Prompt
Pictures are to be left out; otherwise, copy exactly the lines from the line containing "Baskets / Sneakers" through the end of the data.

Data section
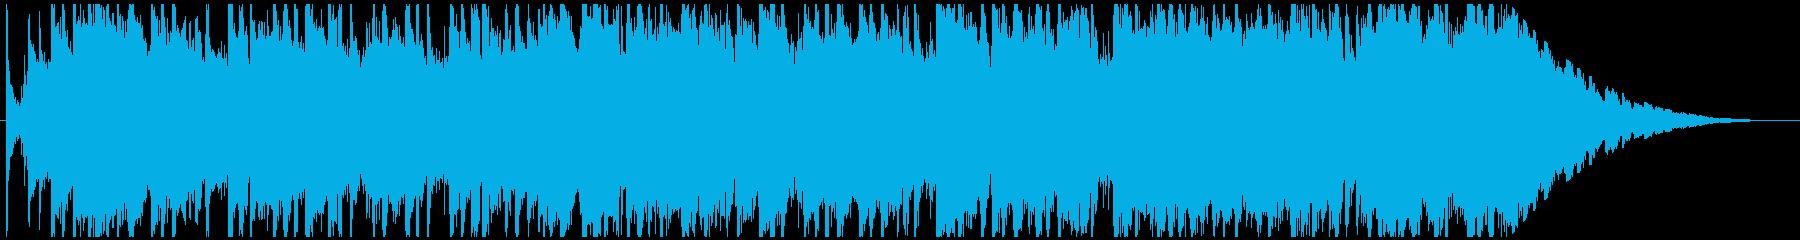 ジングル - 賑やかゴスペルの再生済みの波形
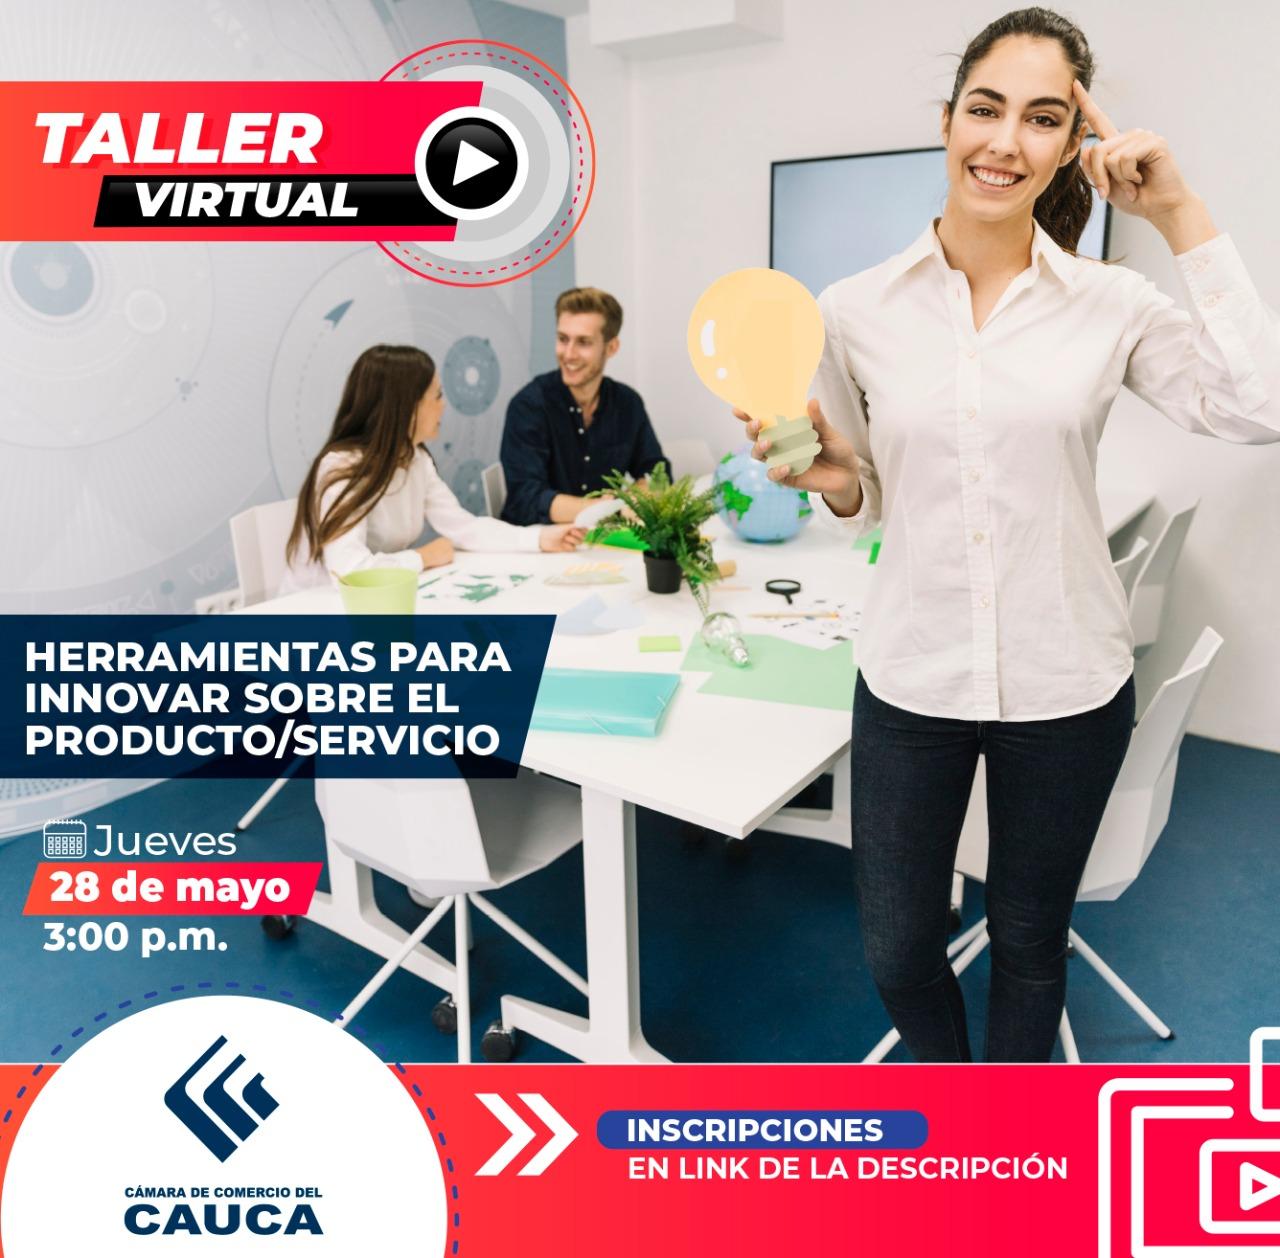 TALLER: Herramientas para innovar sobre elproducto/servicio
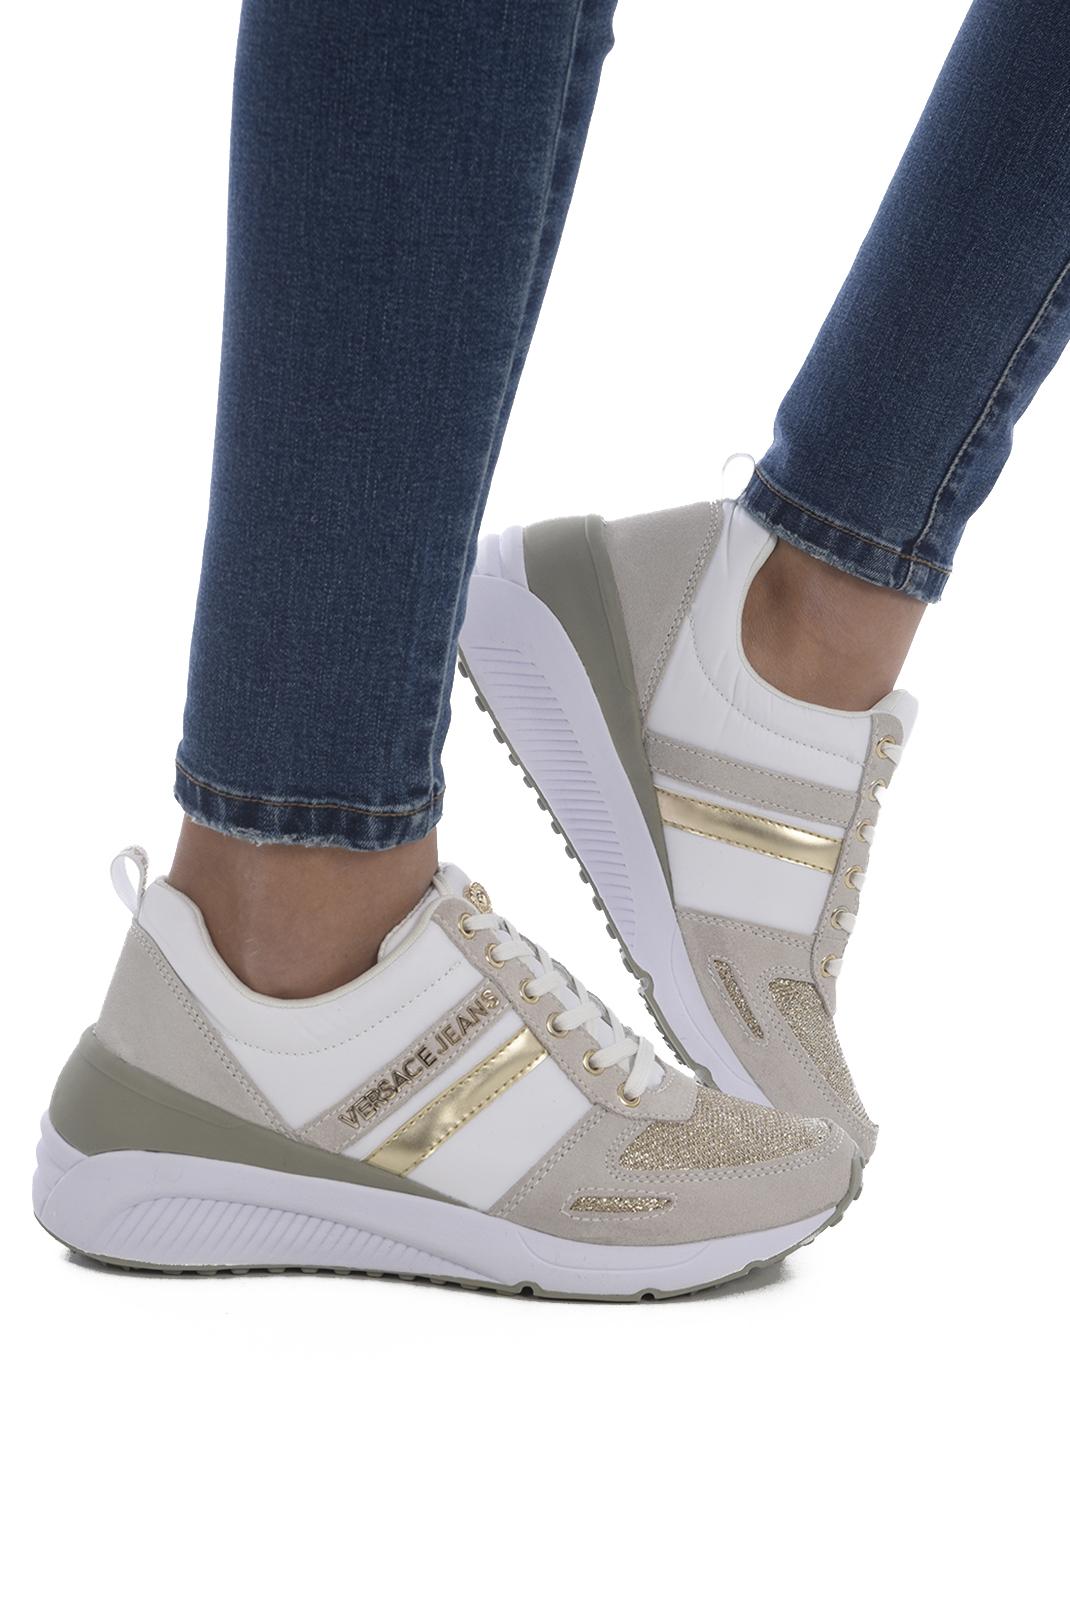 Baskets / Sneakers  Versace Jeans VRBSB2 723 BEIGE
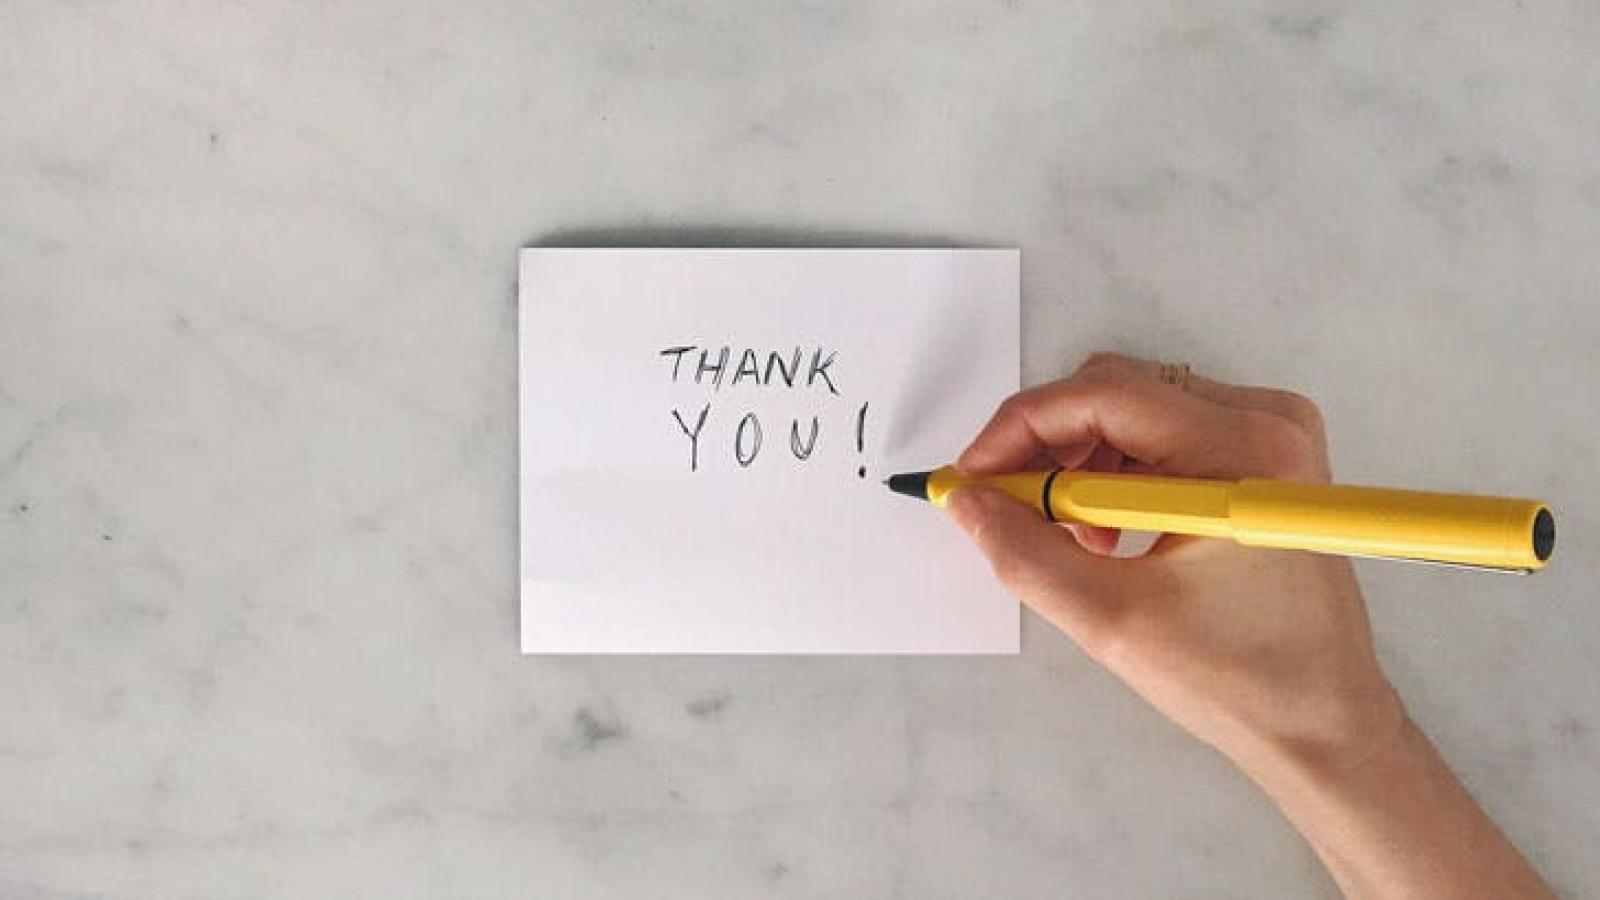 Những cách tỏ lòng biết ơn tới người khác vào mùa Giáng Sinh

Solved exercise
 Baskets / Sneakers  Versace Jeans VRBSB2 723 BEIGE
 Những cách tỏ lòng biết ơn tới người khác vào mùa Giáng Sinh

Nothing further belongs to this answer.